Some Fortune 500 companies provide abortion travel benefits as if these female employees’ careers depend on it. A woman who aspires to be a mother and have a family life should hesitate to take a job with an employer who presumes that a woman would surely be willing to have an abortion to advance her career.
My answer to the caller’s question about my my motivation goes further, well beyond my letter, beyond employment law, and even beyond pregnant women’s aspirations. I want to discourage abortion because I want to encourage life.
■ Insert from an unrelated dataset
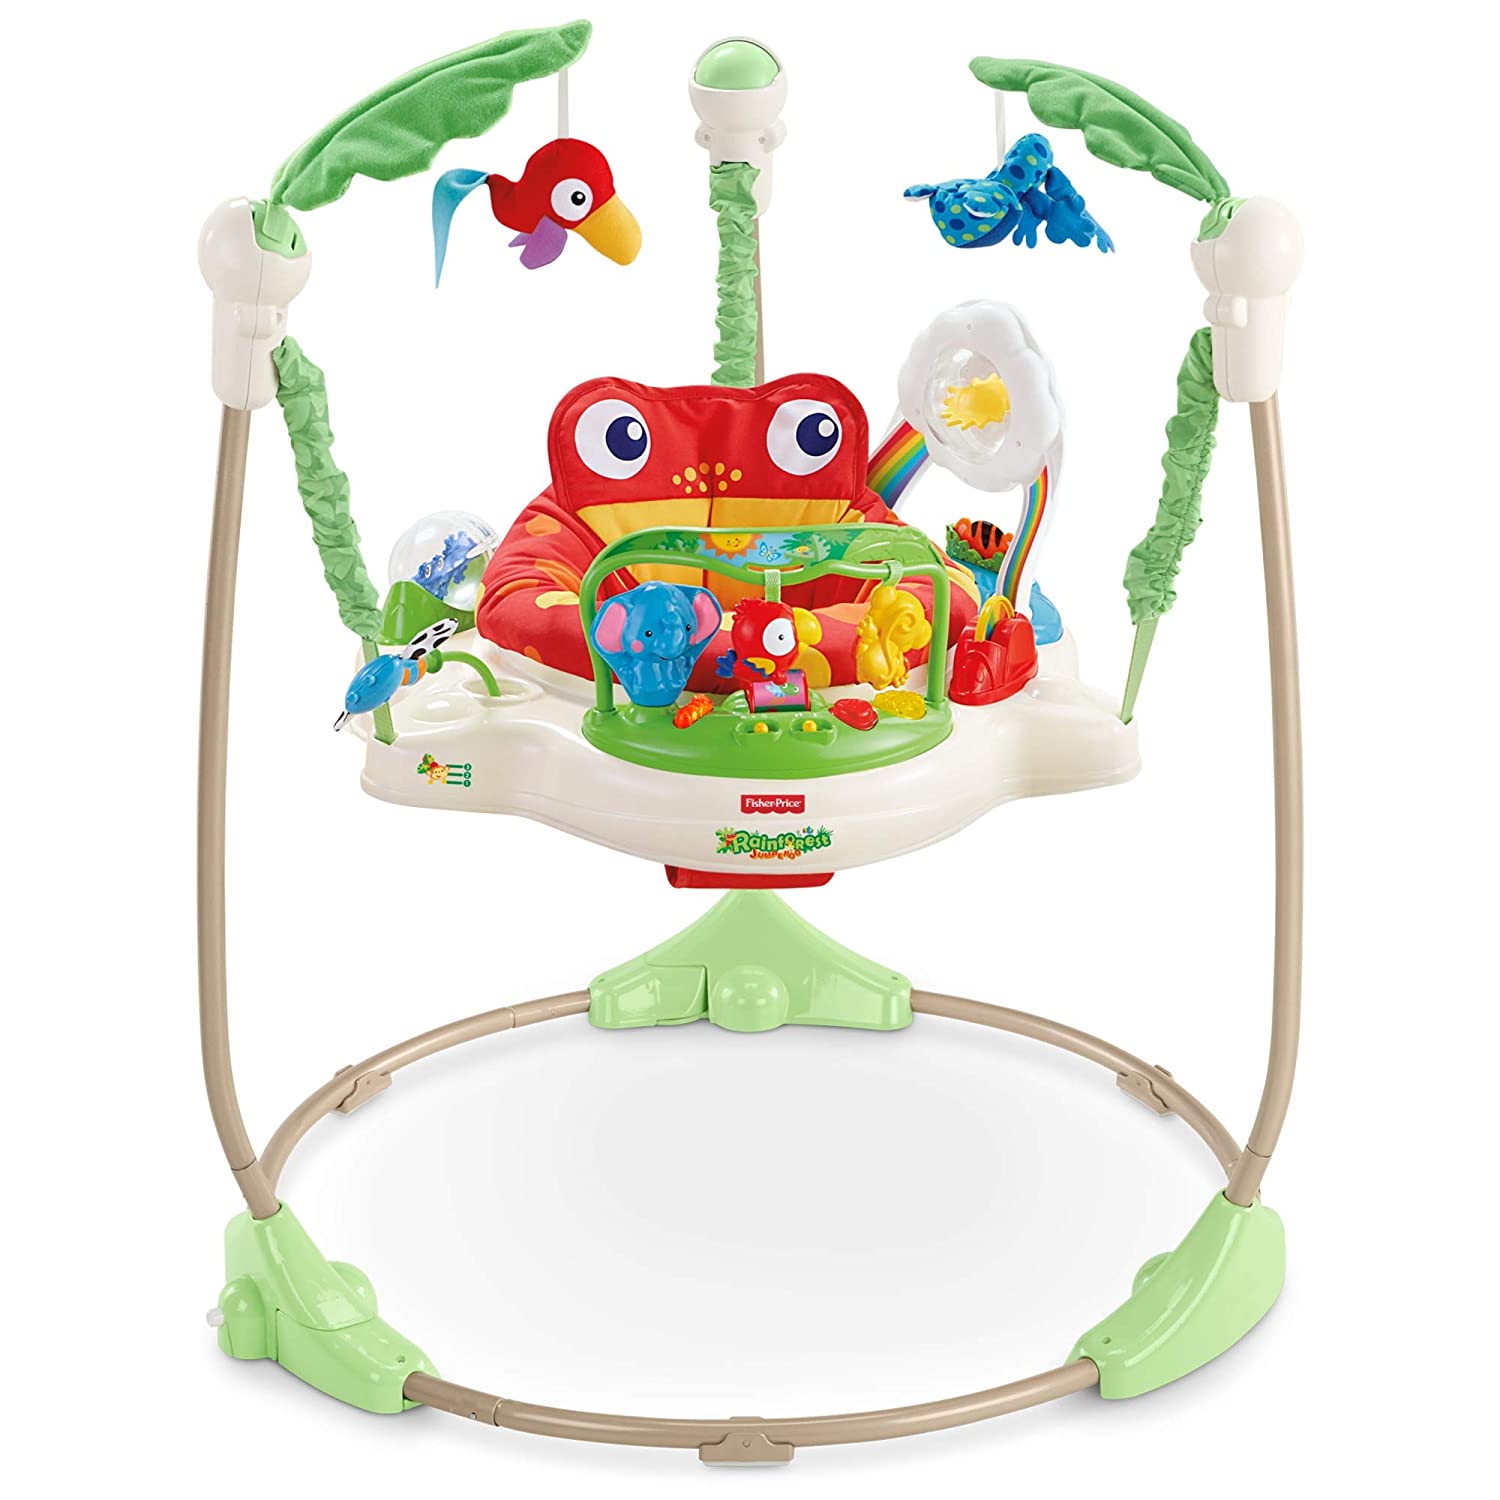 7 Best Fisher Price Jumperoo Reviews in 2023 1

I want human beings who have been conceived but not yet born to take their first breath, to enjoy the turning of the autumn leaves, the winter freeze, the thaw, and the summer heat. I want them to have the opportunity to feel even the sadness sparked by a life full of wonder drawing to a close. I want them to hope for life everlasting. I’ve known people whose lives look exquisitely happy and those whose quality of life seems bleak. Almost all of them - even those in adversity - want to live. We must not presume to choose death instead for the unborn.
Finally, my motivation includes a sober truth that yields another warning: We will all stand before our Maker and account for what we have done for the least of these, our fellow humans.
Sharon Fast Gustafson is a former General Counsel of the Equal Employment Opportunity Commission who represents employers and employees in employment-related legal matters.